The plaintiffs argued that Jackson and A.R. Sanchez, Jr. had been close personal friends for more than five decades and that Jackson’s personal wealth was largely attributable to A.R. Sanchez, Jr. Specifically, Jackson’s (and Jackson’s brother’s) full-time job and primary source of income was as an executive at a company that serviced Sanchez-controlled companies. This company was also a wholly owned subsidiary of another company largely controlled by A.R. Sanchez, Jr. Considering these close personal and business ties in full context, the court agreed with the plaintiffs that Jackson and A.R. Sanchez, Jr. were confidantes and that there was a reasonable doubt that Jackson could act impartially in a matter of economic importance to the Sanchez family personally. Accordingly, the court concluded that it was inappropriate to dismiss the plaintiffs’ complaint and reversed the judgment of the Court of Chancery.
In other words, a stockholder of a Delaware corporation would have to show that a pre-suit demand on the corporation’s board of directors would have been futile because of the board’s lack of independence in order to be excused of such demand.
This post was part of a two-part series on pre-suit demand under Delaware law. You can find the other post by searching our blogs at www.mcbrideattorneys.com. If you have any questions about the content of this blog or other business law issues not discussed here, please contact us.
This posting is intended to be a planning tool to familiarize readers with some of the high-level issues discussed herein. This is not meant to be a comprehensive discussion and additional details should be discussed with your transaction planners including attorneys, accountants, consultants, bankers and other business planners who can provide advice for your circumstances. This article should not be treated as legal advice to any person or entity.
Steps have been taken to verify the contents of this article prior to publication.
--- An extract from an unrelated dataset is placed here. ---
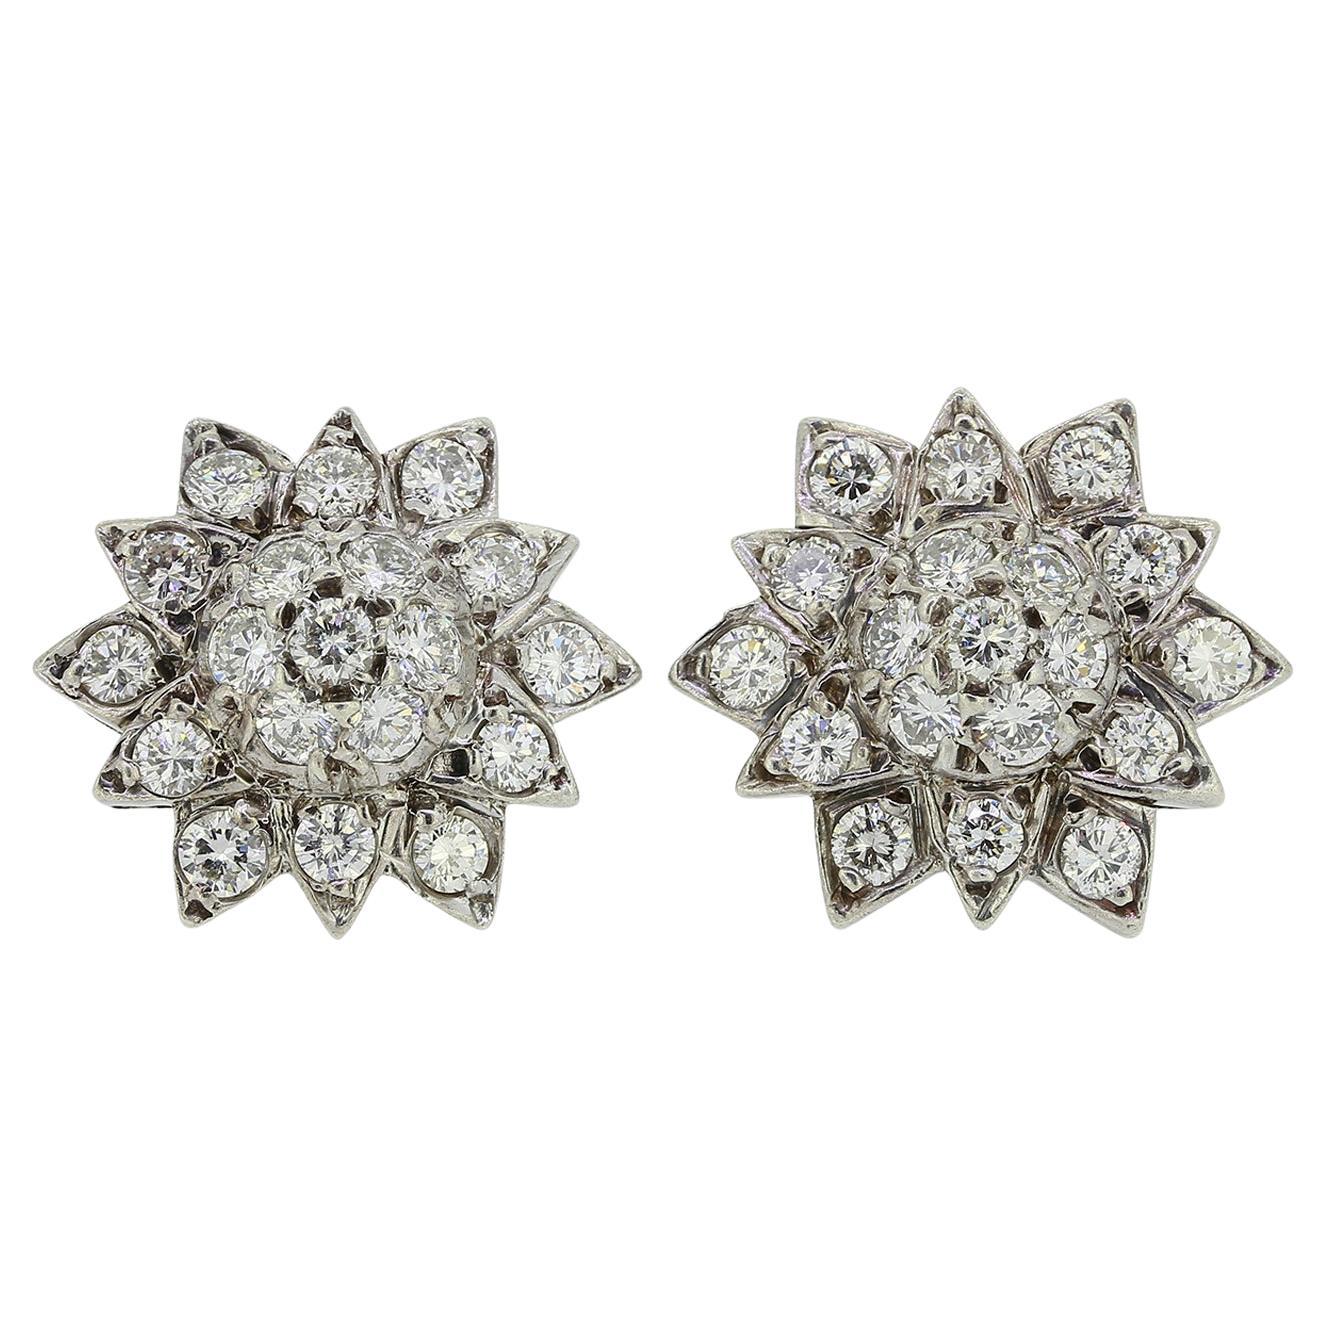 Vintage 1.14 Carat Diamond Cluster Earrings For Sale
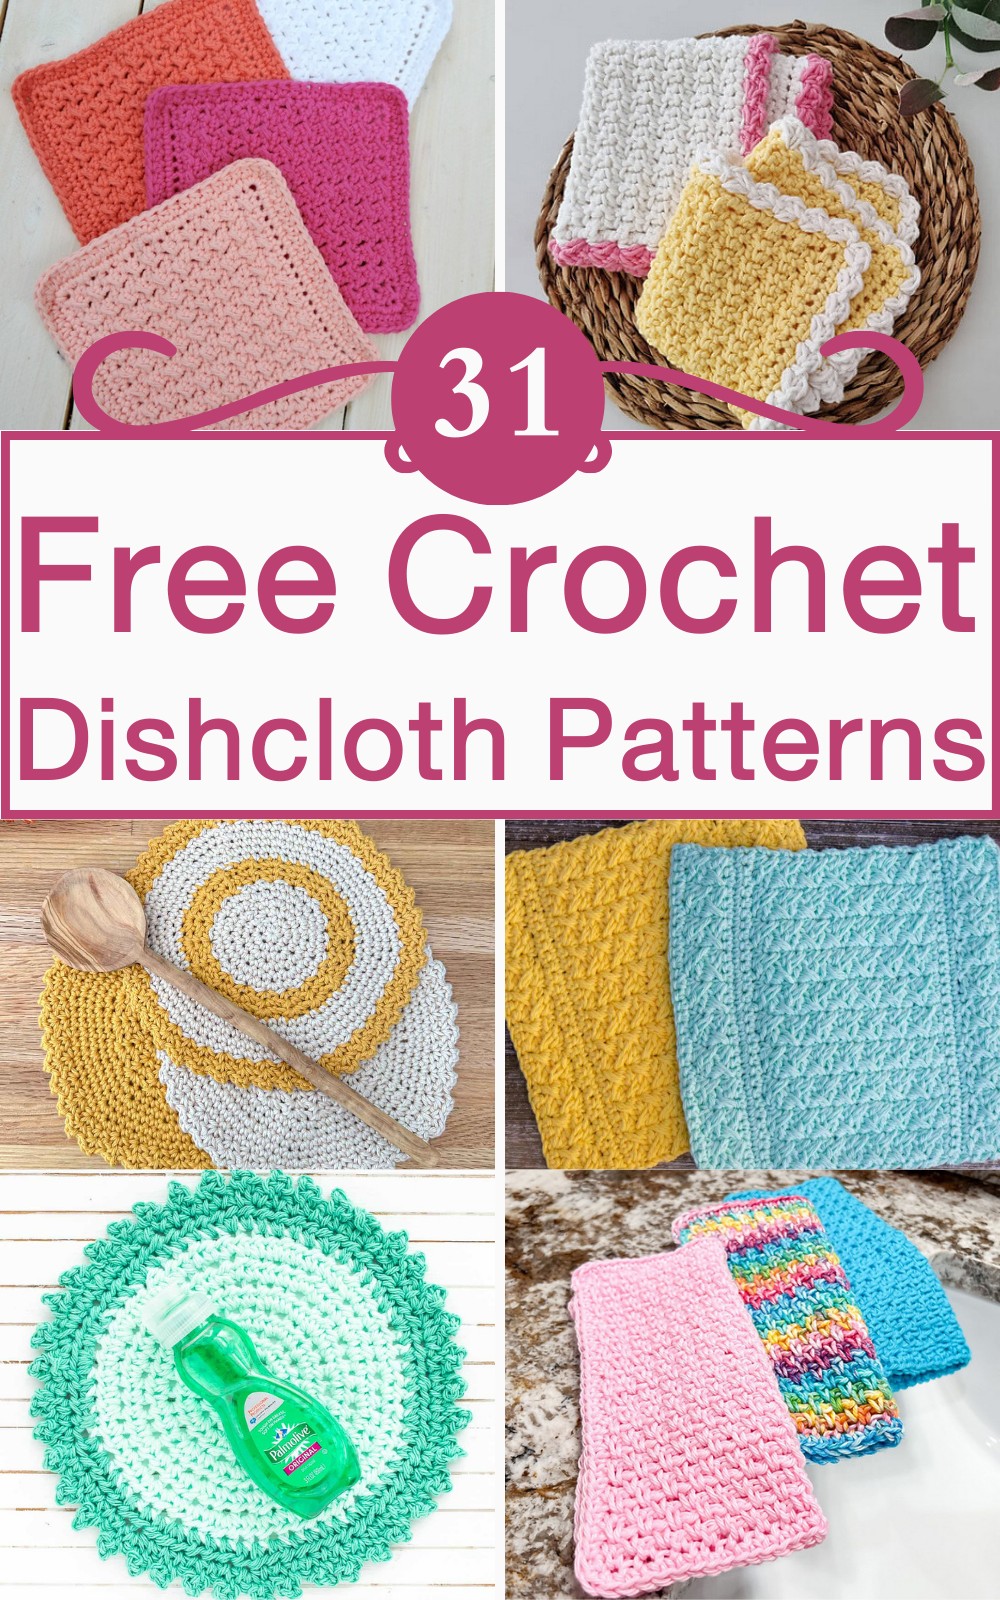 31 Free Crochet Dishcloth Patterns

However, readers should not, and may not, rely on this article. Please consult with counsel to verify all contents and do not rely solely on this article in planning your legal transactions.
 See generally Del. Cty. Emps. Ret. Fund v. Sanchez, No. 702, 2014 (Del. Oct. 2, 2015). Unless otherwise noted, all references to the case are from this citation.About the AuthorR. Shawn McBride — is the Managing Member of The R. Shawn McBride Law Firm, PLLC. Shawn works successful, private business owners in their growth and missions to make a company that stands the test of time. You can email R. Shawn McBride Law Firm or call (214) 418-0258.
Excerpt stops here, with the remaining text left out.